## Saved entries
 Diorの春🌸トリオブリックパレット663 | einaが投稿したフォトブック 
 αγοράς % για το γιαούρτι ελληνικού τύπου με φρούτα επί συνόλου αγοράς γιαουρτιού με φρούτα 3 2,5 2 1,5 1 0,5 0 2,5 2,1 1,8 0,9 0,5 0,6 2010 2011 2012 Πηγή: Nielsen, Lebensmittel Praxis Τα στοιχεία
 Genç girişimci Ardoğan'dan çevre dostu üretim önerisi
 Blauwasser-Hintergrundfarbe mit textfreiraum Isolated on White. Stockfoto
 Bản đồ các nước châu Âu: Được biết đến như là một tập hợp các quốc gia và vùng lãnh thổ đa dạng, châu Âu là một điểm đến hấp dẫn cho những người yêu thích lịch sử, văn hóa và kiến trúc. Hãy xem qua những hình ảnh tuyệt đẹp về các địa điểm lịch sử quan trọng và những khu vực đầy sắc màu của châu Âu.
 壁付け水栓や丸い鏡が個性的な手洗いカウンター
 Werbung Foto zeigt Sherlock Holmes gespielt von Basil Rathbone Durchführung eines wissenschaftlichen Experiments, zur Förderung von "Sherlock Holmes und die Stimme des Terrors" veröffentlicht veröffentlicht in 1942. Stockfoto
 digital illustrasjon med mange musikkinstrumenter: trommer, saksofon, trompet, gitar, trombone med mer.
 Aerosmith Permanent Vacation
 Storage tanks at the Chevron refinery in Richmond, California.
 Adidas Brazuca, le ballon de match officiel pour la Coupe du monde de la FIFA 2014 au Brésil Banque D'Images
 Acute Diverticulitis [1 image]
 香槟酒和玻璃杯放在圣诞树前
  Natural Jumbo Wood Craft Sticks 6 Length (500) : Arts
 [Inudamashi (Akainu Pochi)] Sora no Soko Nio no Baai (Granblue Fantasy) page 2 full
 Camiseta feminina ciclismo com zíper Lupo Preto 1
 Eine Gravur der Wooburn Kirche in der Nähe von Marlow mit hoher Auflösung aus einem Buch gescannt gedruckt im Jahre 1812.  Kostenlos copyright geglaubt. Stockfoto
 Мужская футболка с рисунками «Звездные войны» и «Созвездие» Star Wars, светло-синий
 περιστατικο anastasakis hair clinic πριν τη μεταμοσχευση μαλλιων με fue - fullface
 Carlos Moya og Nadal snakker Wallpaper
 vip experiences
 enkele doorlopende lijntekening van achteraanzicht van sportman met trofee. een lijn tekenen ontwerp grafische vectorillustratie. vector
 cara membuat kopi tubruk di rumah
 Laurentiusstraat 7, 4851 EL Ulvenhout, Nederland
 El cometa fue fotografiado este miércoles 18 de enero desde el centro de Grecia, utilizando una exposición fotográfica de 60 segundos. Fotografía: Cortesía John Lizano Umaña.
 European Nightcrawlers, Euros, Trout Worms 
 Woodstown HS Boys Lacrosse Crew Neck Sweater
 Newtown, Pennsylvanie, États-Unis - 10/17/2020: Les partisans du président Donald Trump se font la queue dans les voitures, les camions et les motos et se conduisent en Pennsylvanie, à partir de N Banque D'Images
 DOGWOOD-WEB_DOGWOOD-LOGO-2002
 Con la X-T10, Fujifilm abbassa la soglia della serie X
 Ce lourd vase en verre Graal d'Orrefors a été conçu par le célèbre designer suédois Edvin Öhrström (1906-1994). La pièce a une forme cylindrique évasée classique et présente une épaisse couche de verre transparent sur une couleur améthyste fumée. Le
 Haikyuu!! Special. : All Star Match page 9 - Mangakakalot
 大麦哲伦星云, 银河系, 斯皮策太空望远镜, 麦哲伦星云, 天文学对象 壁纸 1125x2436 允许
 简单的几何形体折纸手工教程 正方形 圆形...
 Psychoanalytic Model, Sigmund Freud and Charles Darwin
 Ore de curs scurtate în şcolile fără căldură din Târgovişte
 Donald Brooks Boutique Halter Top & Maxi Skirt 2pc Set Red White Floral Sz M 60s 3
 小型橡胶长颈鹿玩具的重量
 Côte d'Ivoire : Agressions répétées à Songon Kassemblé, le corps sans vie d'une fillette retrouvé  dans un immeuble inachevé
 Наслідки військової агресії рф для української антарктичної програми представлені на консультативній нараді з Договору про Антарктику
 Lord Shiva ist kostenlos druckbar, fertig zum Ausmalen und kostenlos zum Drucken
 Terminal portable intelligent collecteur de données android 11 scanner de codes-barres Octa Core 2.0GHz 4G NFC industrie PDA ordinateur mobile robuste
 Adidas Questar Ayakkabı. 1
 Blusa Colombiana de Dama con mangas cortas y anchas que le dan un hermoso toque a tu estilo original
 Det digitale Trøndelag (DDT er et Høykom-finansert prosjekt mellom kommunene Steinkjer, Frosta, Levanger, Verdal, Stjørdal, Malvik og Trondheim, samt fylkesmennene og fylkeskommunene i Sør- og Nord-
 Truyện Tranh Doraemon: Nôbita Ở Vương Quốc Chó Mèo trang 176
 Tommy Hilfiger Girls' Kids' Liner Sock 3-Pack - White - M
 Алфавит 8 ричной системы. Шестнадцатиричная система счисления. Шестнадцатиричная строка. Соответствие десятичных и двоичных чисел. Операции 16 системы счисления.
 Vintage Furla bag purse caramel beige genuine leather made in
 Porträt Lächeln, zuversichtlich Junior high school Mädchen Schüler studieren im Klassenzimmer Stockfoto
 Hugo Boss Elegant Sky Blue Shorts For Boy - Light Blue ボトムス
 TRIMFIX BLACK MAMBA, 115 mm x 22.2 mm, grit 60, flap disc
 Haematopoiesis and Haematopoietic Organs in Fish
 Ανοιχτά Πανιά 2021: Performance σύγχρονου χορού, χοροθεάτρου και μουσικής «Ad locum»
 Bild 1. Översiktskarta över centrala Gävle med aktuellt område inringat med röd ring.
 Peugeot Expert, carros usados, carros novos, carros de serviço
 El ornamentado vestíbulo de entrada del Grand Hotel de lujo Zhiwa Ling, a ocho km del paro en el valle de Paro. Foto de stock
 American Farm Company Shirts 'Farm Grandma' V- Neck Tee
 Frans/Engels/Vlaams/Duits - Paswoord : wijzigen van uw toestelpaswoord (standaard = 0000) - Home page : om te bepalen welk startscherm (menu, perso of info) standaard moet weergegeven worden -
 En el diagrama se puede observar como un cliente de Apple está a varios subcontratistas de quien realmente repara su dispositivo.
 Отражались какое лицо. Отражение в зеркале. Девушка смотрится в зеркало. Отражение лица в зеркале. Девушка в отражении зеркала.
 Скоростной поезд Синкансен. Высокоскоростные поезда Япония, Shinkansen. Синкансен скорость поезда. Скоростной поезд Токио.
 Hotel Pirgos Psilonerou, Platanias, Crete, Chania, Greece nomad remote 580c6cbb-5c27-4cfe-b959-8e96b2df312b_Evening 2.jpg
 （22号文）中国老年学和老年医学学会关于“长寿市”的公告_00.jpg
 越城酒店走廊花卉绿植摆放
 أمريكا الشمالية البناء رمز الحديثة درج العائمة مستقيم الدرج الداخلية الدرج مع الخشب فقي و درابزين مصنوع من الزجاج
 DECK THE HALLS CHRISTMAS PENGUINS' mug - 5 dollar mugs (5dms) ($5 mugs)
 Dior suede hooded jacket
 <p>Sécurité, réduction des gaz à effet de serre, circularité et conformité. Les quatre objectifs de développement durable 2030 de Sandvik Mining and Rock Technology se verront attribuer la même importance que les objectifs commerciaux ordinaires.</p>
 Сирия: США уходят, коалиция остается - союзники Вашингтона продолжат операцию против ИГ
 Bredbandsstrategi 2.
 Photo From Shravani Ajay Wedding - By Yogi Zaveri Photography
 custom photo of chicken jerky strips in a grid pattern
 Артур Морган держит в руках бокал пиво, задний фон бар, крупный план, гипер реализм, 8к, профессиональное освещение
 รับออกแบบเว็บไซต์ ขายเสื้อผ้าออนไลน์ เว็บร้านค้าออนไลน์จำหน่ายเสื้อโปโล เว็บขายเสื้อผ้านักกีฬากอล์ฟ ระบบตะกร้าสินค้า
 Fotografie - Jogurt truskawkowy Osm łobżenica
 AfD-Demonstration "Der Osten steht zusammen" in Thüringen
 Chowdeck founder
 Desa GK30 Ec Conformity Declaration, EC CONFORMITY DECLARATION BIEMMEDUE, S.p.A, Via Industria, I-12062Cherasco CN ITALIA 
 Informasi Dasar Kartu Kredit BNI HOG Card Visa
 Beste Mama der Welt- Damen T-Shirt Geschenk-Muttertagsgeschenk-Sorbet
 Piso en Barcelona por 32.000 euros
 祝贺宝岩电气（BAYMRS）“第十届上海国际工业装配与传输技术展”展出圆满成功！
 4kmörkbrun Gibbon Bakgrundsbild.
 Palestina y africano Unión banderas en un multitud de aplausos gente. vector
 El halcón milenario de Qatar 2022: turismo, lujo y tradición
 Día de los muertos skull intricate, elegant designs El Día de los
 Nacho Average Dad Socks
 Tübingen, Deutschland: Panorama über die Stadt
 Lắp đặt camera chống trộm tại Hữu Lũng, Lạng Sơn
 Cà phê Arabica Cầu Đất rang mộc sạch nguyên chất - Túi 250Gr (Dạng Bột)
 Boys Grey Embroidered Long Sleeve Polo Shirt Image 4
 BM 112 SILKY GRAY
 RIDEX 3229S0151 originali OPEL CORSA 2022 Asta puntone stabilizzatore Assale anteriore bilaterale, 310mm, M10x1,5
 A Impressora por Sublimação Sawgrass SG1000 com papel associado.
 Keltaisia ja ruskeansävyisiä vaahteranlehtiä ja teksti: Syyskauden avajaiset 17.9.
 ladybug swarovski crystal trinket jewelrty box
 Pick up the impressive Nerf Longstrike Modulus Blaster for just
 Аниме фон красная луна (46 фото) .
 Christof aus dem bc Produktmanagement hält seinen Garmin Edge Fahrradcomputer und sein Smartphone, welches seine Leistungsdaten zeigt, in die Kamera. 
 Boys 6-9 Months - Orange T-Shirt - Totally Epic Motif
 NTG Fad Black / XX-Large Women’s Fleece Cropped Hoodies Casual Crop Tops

## WHAT THIS TASK INVOLVES
Both the line containing "Haematopoiesis and Haematopoietic" and the line containing "Bild 1. Översiktskarta" belong in the answer. Print them and every line above that falls between them exactly, and no others.

## YOUR SOLUTION
 Haematopoiesis and Haematopoietic Organs in Fish
 Ανοιχτά Πανιά 2021: Performance σύγχρονου χορού, χοροθεάτρου και μουσικής «Ad locum»
 Bild 1. Översiktskarta över centrala Gävle med aktuellt område inringat med röd ring.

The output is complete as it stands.